Date: 2011-11-02 05:43 pm (UTC)
From: [identity profile] cmcmck.livejournal.com
As a Quaker left socialist eccentric and not an economic illiterate :op I'm amazed at the level of what the Irish call 'begrudgery' displayed in the comments column of our friend's linked article. I did twenty years in the classroom with severely disabled, terminally ill and abused kids and paid something like a third of my salary into the pension pot. It's not 'government money' or 'public money', it's my money..............

It's an interesting time.

Date: 2011-11-02 05:51 pm (UTC)
From: [identity profile] wemyss.livejournal.com
Circumstances are conspiring to cause people to feel free at last to say, It's MY money, and, the EU is undemocratic, and other things that give me hope. We may actually return to the days when Labour recognised the dangers of the EU and overly unfree markets (I mean, there's a reason why in my last book Clem, and Ernie Bevin, were as much heroes over 600+ pages as were Winston, Roger Keyes, and Archie Sinclair).

Re: It's an interesting time.

Date: 2011-11-02 05:59 pm (UTC)
From: [identity profile] cmcmck.livejournal.com
I'm a historian for my sins, with a specialism in the 17th century- The Wars of the three Kingdoms and comparative European and American stuff and it is still a matter of regret to me that the English Republic didn't stick!

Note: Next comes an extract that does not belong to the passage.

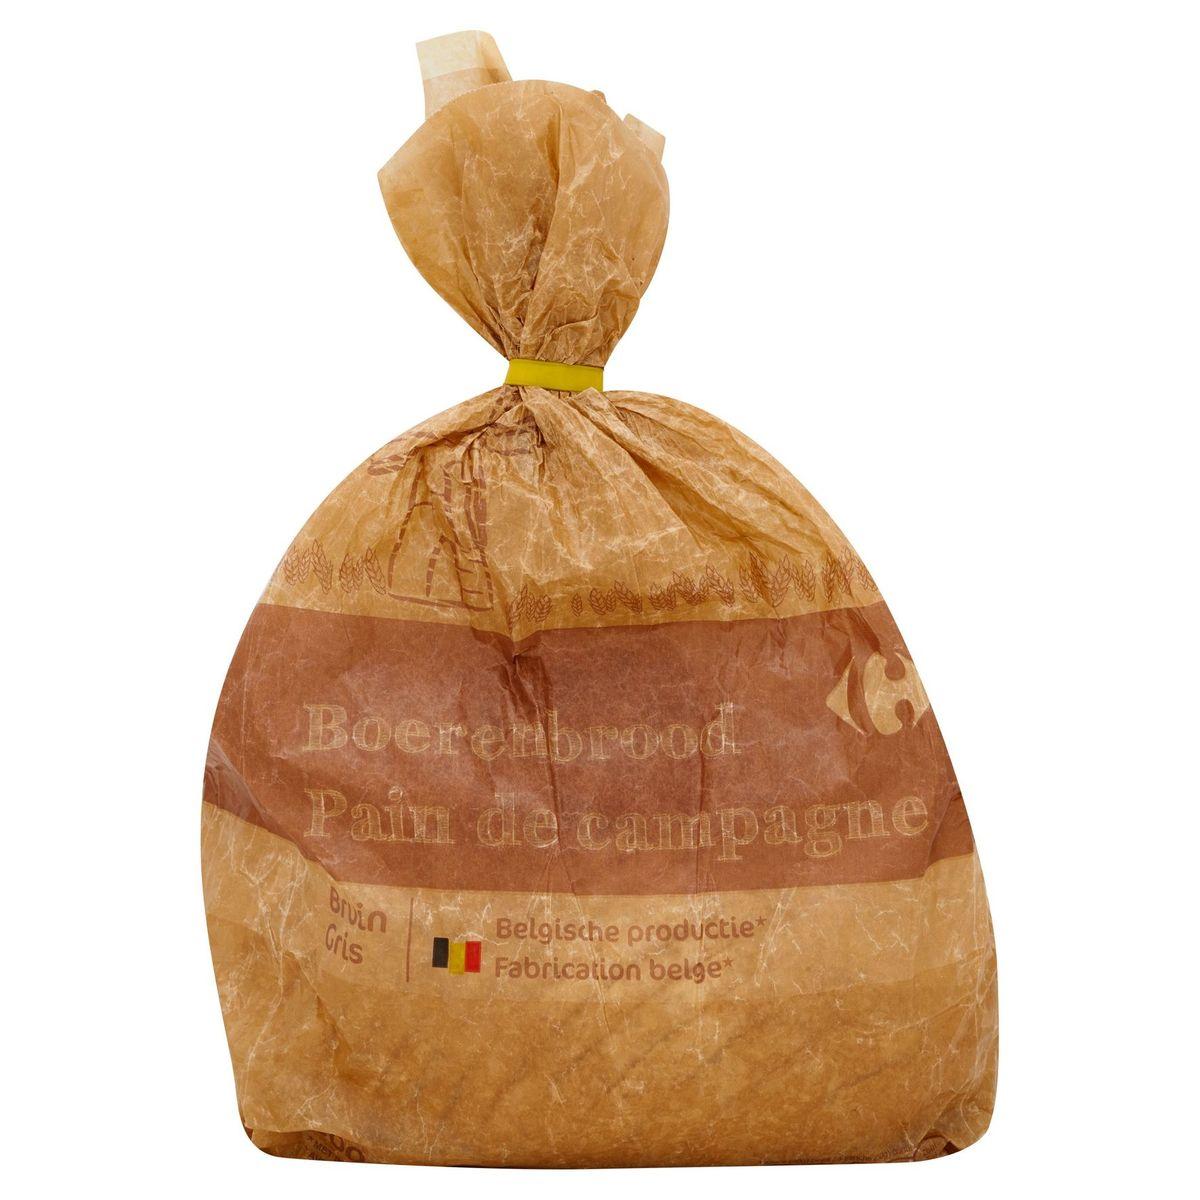 Carrefour Boerenbrood Bruin 800 g

The Habsburg Empire (which can be perceived as the first truly world empire) serves to remind us what happens when economic collapse occurs on a global scale- you get the Thirty Years War and at a European level, that's still the most destructive war it terms of life and property in our history, even if one includes the European elements of the two world wars!

Personally, I tend to be Wrong but Wromantic.

Date: 2011-11-02 06:06 pm (UTC)
From: [identity profile] wemyss.livejournal.com
Although the family at the time were cannily divided (thus keeping the property whoever won).

I'm not altogether certain mass economic collapse must, by an iron law, lead to general war: the response to collapse and what was done in hopes of averting it (and collapse can be averted) seems to make the difference. But I'd vy much like to know more of yr thesis.
From: [identity profile] cmcmck.livejournal.com
I suspect that I'm right but repulsive although I do have a spot for that art patron and gun runner extraordinaire, Queen Henrietta Maria, wife of Charles I :o)

The Habsburg response was to flood the market With New World silver thus causing galloping devaluation of currency in a world where religious difference was already tearing society apart and poor climate was causing famine. Add an outbreak of plague and you have a recipe for disaster,which is pretty much what occurred!

Give or take the plague, it sounds awful familiar.

Ah.

Date: 2011-11-02 06:50 pm (UTC)
From: [identity profile] wemyss.livejournal.com
Yes, yes, and yes. But is it not fair to say that devaluation and hyperinflation were neither necessary nor sufficient causes, in light of the failure of the Peace of Augsburg and the famines and epidemics? The Spanish Habsburgs had been ruining their economy with Potosi silver since the days of Carlos V and I, surely.